=== Assignment ===
Pictures stay out of the output. Return exactly the lines below from the one with "A Breakfast in Time - Tote Bag" down to the one with "calendar-with-photo-collage-template", both included, and nothing more.

____ Records to process

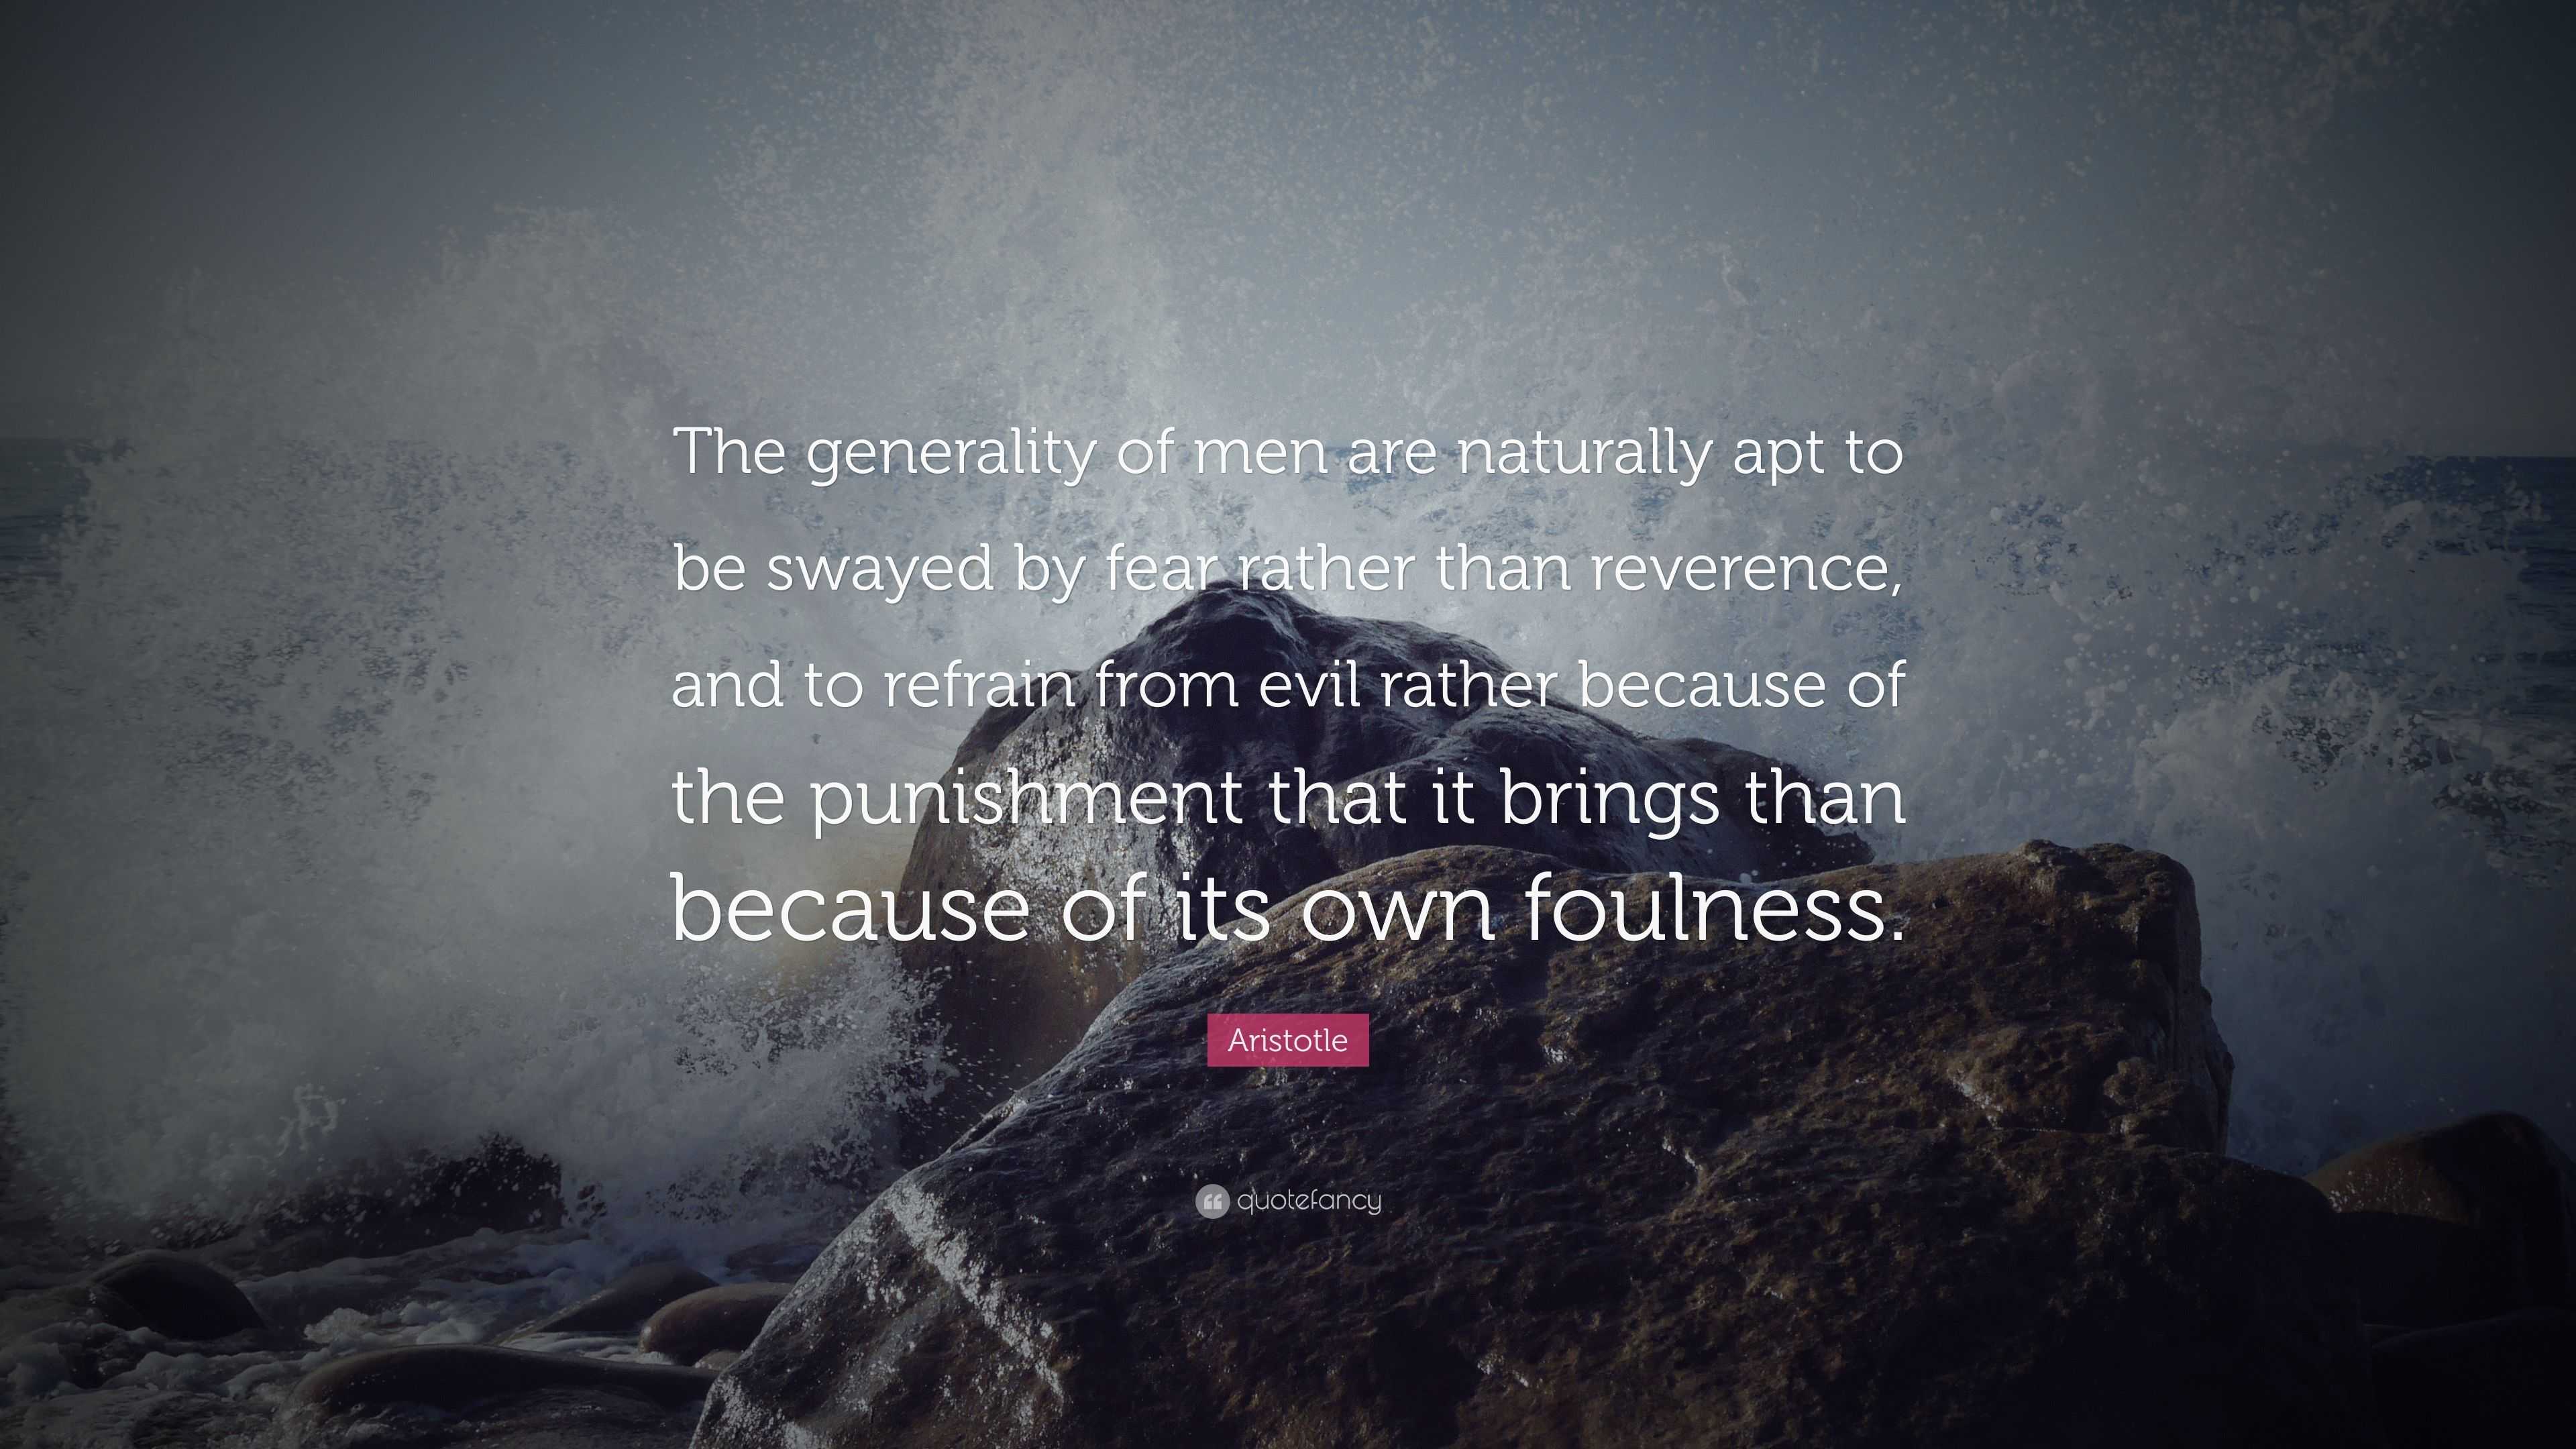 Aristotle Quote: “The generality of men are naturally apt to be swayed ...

________
____ Records to process

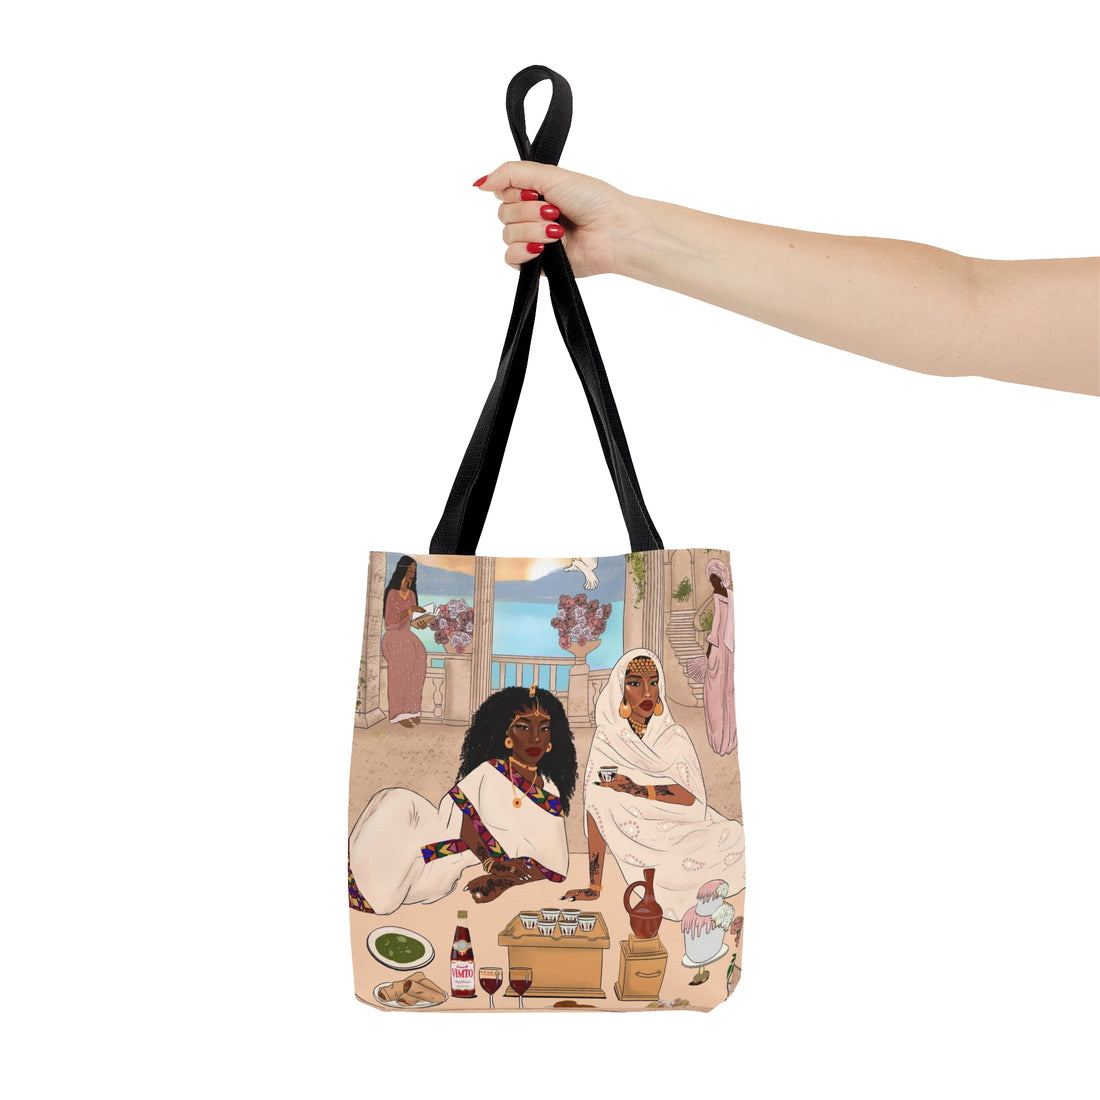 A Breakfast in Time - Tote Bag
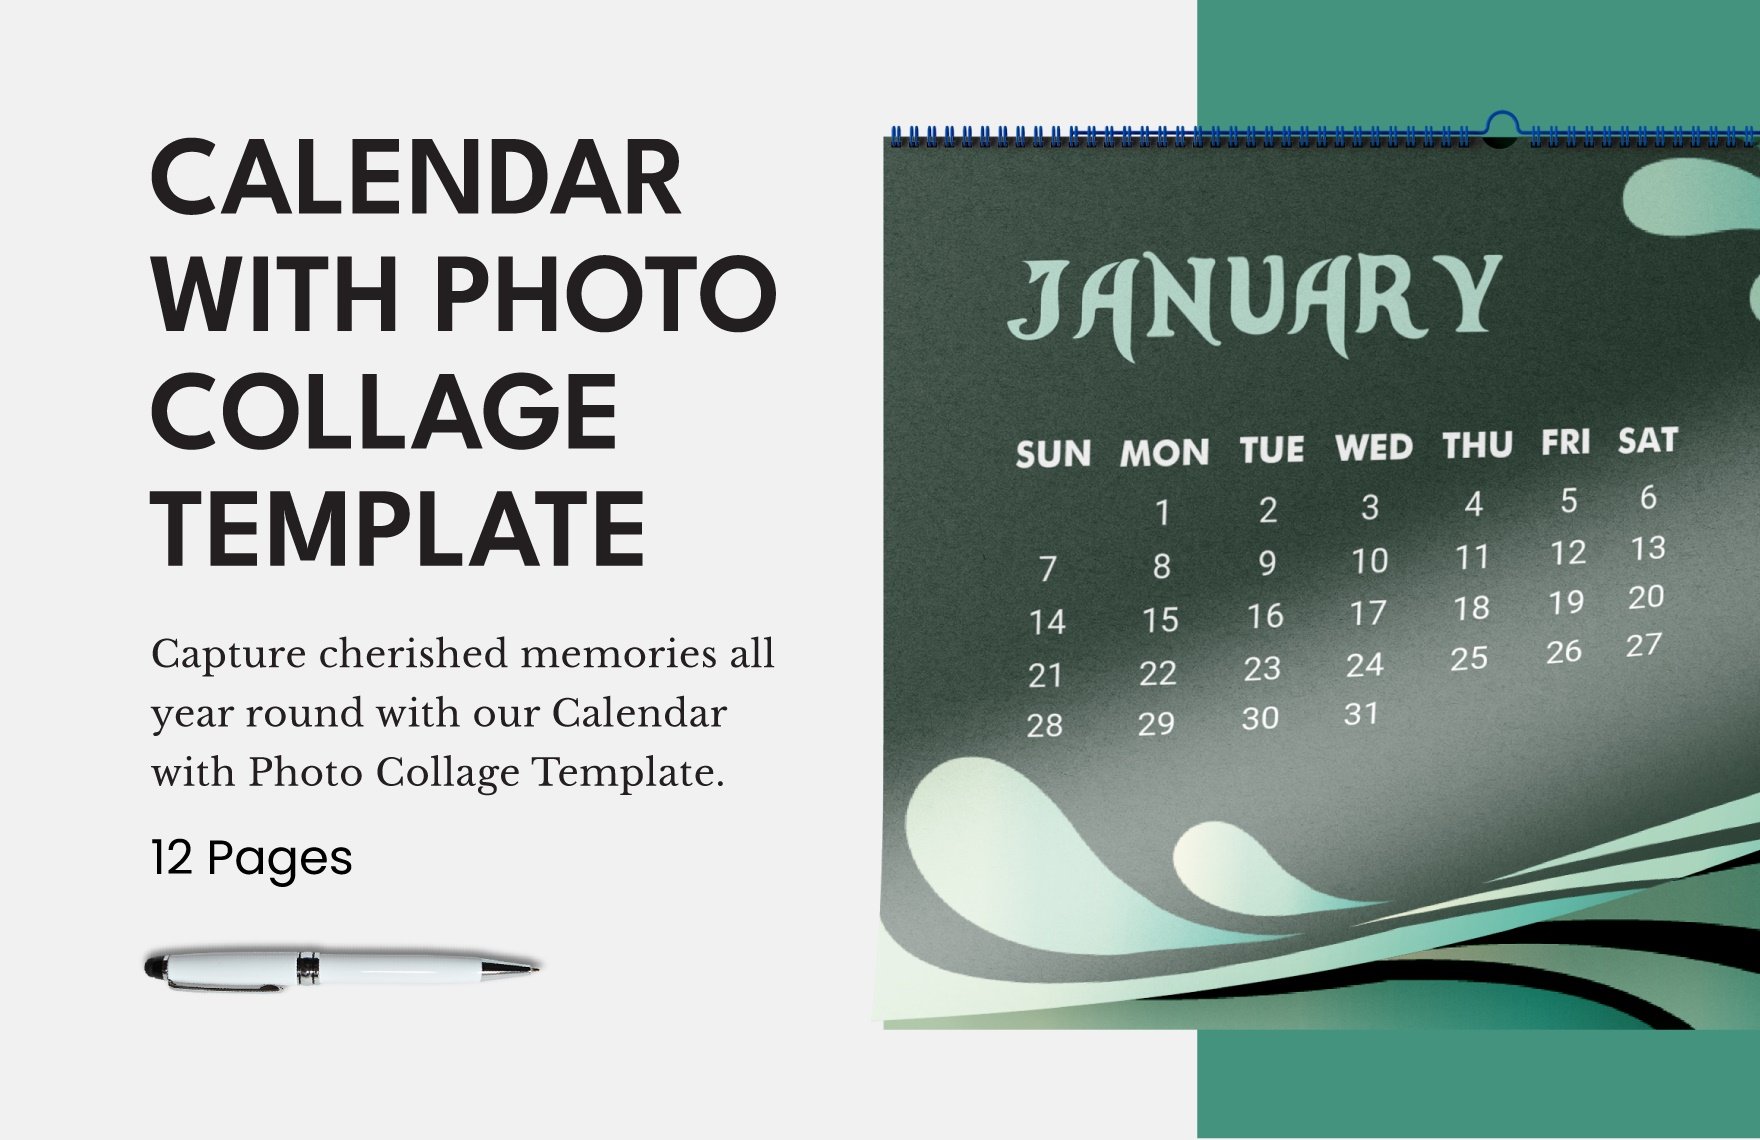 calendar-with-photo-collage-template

________
____ Records to process

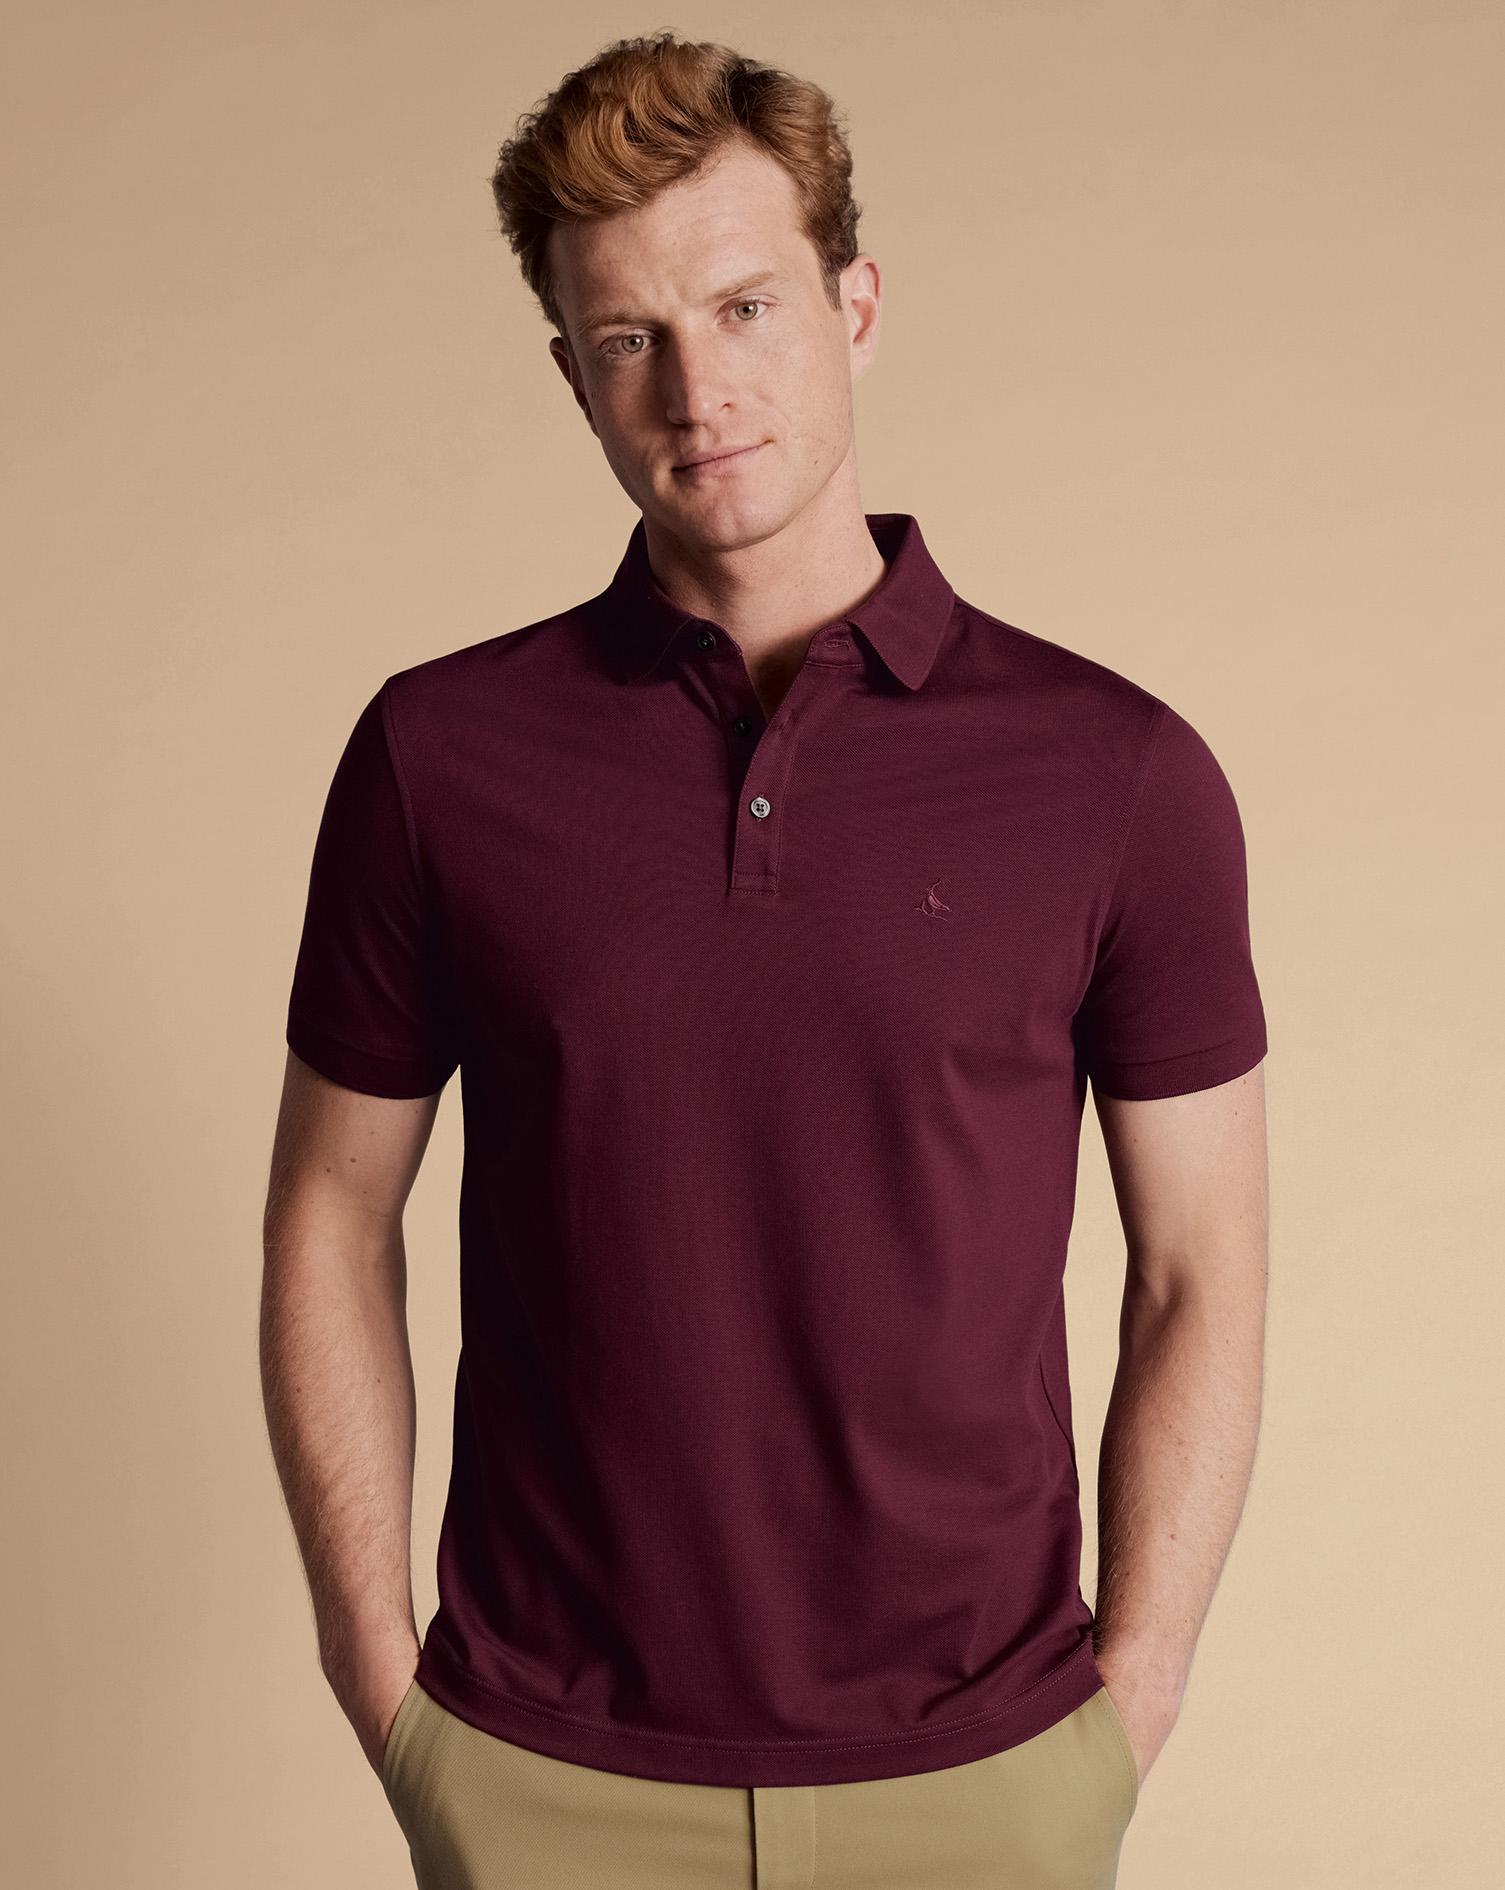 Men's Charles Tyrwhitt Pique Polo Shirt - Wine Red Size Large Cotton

________

=== Answer area ===
 A Breakfast in Time - Tote Bag
 calendar-with-photo-collage-template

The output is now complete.